The Royal Canadian Air Force (RCAF) maintains specialised aircraft to transport Canada's monarch and/or other members of the royal family (at which time the aircraft is designated as the Royal Flight), the governor general, prime minister, other senior members of the Government of Canada, and other dignitaries. A small fleet of dedicated executive government transport aircraft are organised into two RCAF squadrons. Other RCAF combat and transport helicopters and fixed-wing aircraft, chartered civilian aircraft, and occasionally scheduled commercial flights may also be used to meet Canada's VIP air transport requirements.

History
Members of the royal family have been flying in the United Kingdom since two Westland Wapitis were delivered to the Royal Air Force's No. 24 Squadron at RAF Northolt in April 1928. Between the following year and 1935, Prince Edward, Prince of Wales, himself purchased 13 aircraft; he became the first member of the royal family to be a pilot and, when he acceded to the throne in 1936 as King Edward VIII, the King's Flight was formed as the world's first head of state aircraft unit.

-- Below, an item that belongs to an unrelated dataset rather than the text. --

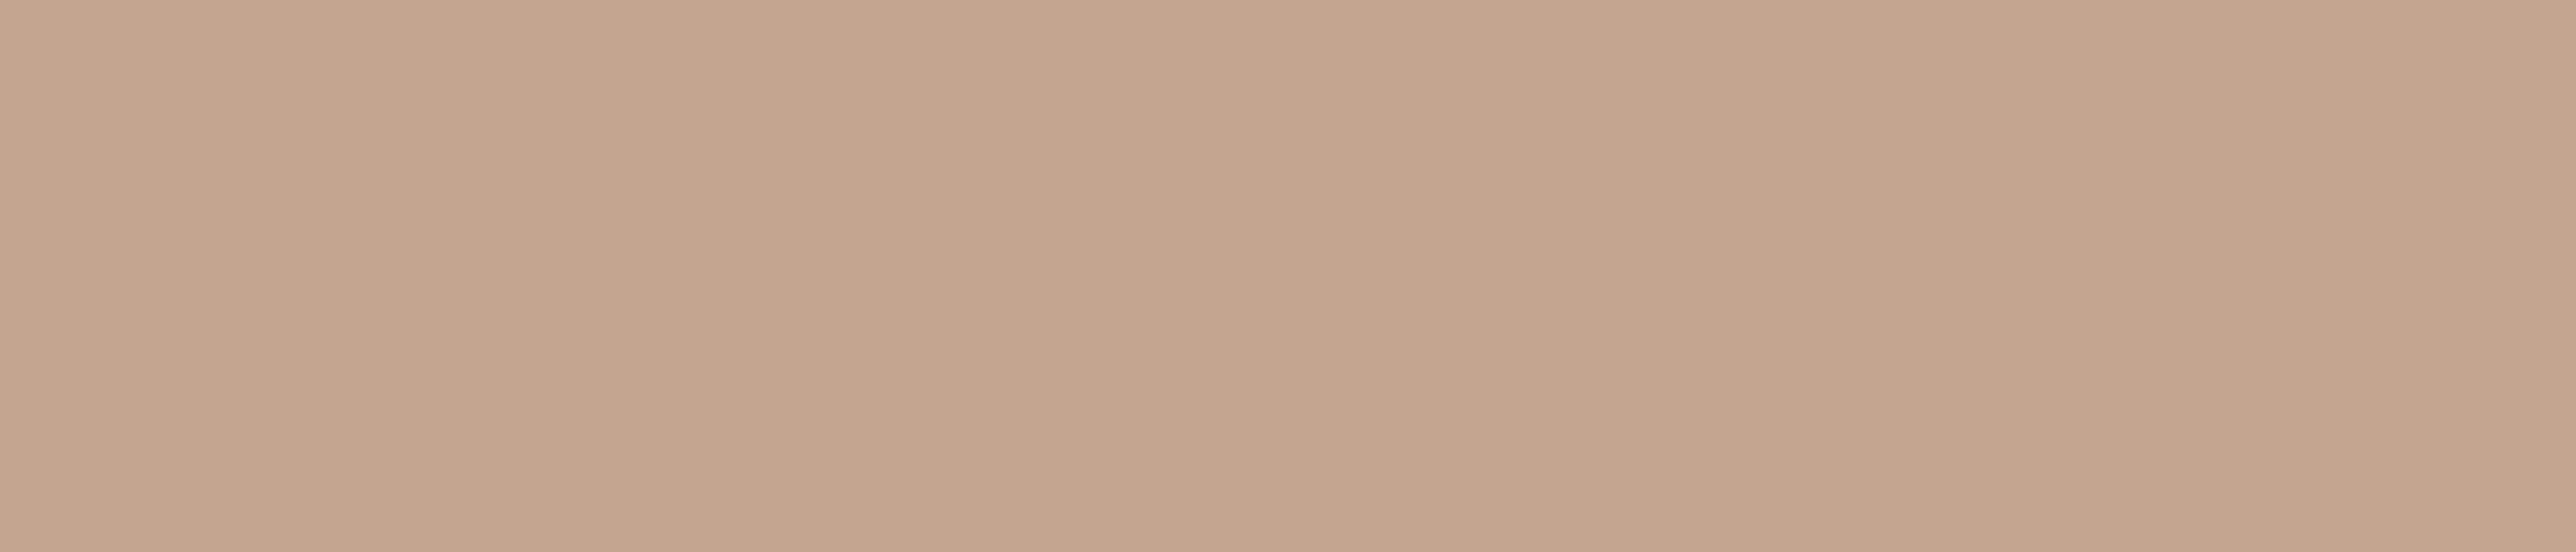 20047 Blushing Peach

Executive air transport in Canada can be traced to the formation of the Royal Canadian Air Force (RCAF) in the 1920s; the only Very Important Person (VIP) death in the history of the RCAF was Minister of National Defence Norman McLeod Rogers on 10 June 1940, near Newtonville, Ontario. The RCAF maintained aircraft such as the Lockheed Lodestar, Canadair North Star, Canadair CL-66, and Canadair CL-44-6 until, following the 1968 unification of the country's three armed forces branches into the Canadian Forces, long range VIP transport was carried out using a modified Boeing 707 designated as the CC-137 Husky and short range VIP transport used various combat fixed and rotary wing aircraft. Dedicated VIP transport aircraft did not enter the Canadian Forces until the early 1980s, when 12 CL-600S Challenger business jets were purchased by the Governor General-in-Council from Canadair, which were thereafter given the designations CC-144, CE-144, and CX-144, and painted in the contemporary red and white livery of the Canadian Forces. These jets flew with 414 "Black Knight" Squadron at CFB North Bay until July 1992, and with 434 "Blue Nose" Squadron at CFB Greenwood until May 2000, when eight aircraft were either sold or retired, the remaining two being transferred to 412 Transport Squadron for dedicated executive transport, where the livery was changed to a dark Air Force blue.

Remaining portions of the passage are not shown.